Ich bin ein Student im ersten Jahr der Naturwissenschaften und stelle dies nur als eher theoretische Frage und nicht zur Durchführung eines Protokolls. Daher würde ich es begrüßen, wenn die Antworten nicht viele komplizierte chemische Namen beinhalten.
Ich habe mich gefragt, wie man die DNA-Menge in einer bestimmten Bande bei einer Gelelektrophorese quantifizieren würde. Einige Ideen, die ich bisher hatte, sind:
- Schneiden Sie die DNA-Bande aus und extrahieren Sie die DNA. Quantifizieren Sie unter Verwendung eines bekannten Verfahrens, wie z. B. Messen der Extinktion bei 260 nm der DNA in Lösung, um die Konzentration zu finden.
- Wenn die DNA mit Ethidiumbromid gefärbt wird, wird im Allgemeinen eindeutig mehr Farbstoff in einer Bandenregion aufgenommen, wenn sie mehr DNA enthält, so dass sie mit größerer Intensität fluoresziert, wenn sie mit UV-Licht beleuchtet wird. Allerdings hätte ich Vorbehalte gegen die Verwendung dieser Methode, weil ich denken würde, dass die aufgenommene Farbstoffmenge auch vom Zustand der DNA abhängen würde (dh ob sie supercoiled ist oder nicht), aber andererseits weiß ich nicht, wie stark sie sich auswirkt Dies könnte davon abhängen, wie viel Fleck aufgenommen wird. Wenn Sie natürlich wissen, dass sich Ihre gesamte DNA im selben Zustand befindet, sollte es mit dieser Methode meiner Meinung nach kein Problem geben. Obwohl man sich hier bewusst sein müsste, dass die Konzentration von Ethidiumbromid in einer bestimmten Bande von der dortigen Nukleotidkonzentration abhängt, die sowohl von der Anzahl der DNA-Fragmente als auch von ihrer Größe (die aus der Position der Bande bekannt ist) abhängt. Vergleichen Sie dies mit der endgültigen Methode ...

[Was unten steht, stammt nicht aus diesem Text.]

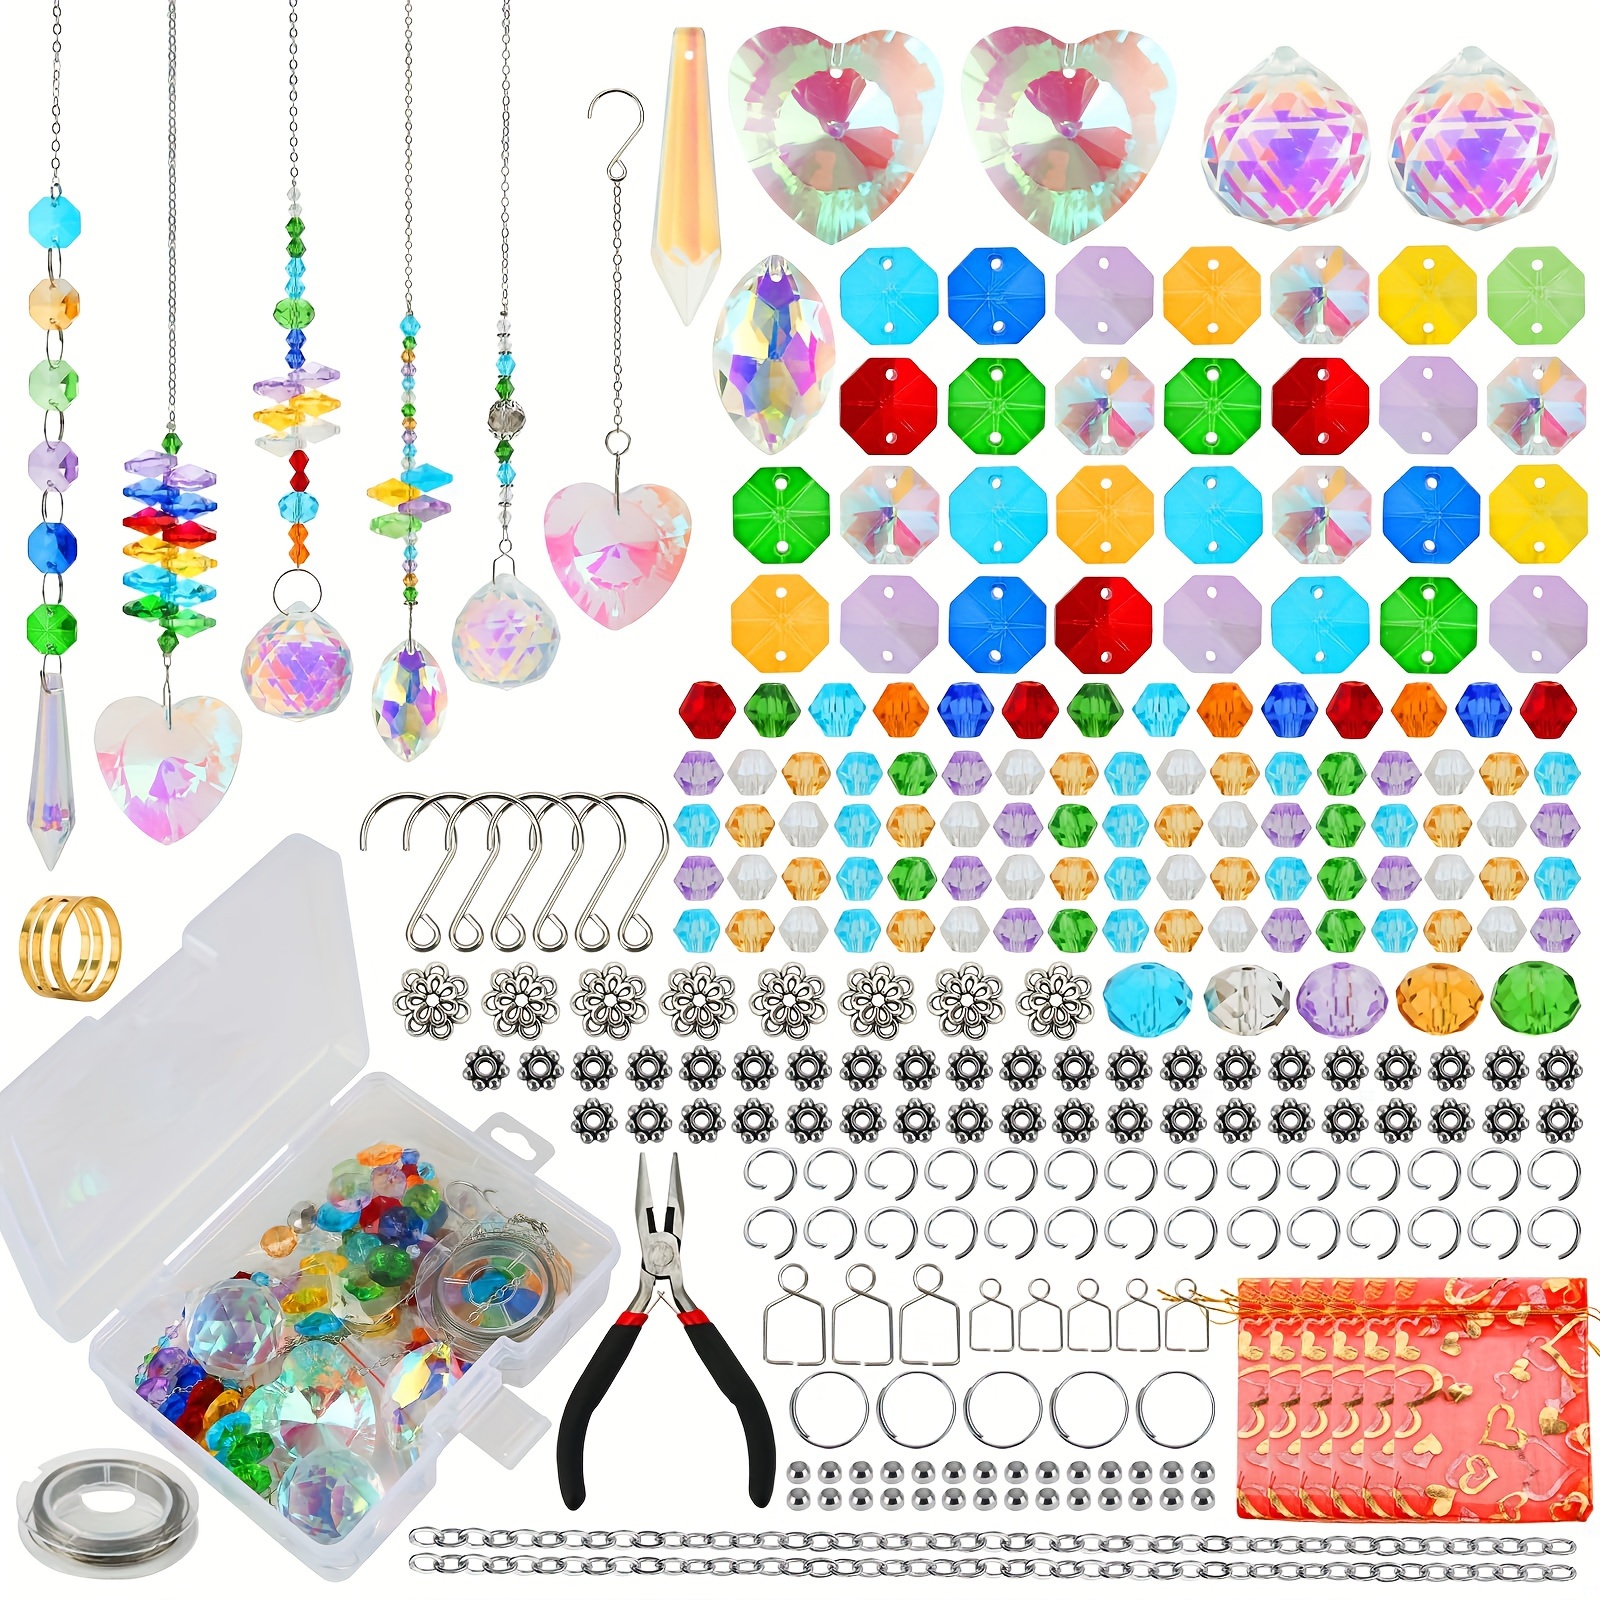 

460 Pcs Diy Suncatcher Making Kits, Glass Sun Catcher Arts And Crafts Supplies Set With Colorful Glass Beads, Rainbow Maker Prism For Windows Hanging Indoor Outdoor Garden Decoration

- Schließlich, wenn man die DNA zum Beispiel unter Verwendung von Didesoxy-Kettenabbruch/Sanger-Sequenzierung in PCR herstellt, dann kann man einen radioaktiv markierten Primer verwenden. Die Intensität des Bildes auf dem Radioautogramm würde Ihnen dann direkt die Anzahl der Moleküle dieses DNA-Fragments sagen, die in der Bande vorhanden sind.
Ich habe mich gefragt, welche davon praktikable Optionen für die Verwendung im Labor sind und warum/warum nicht.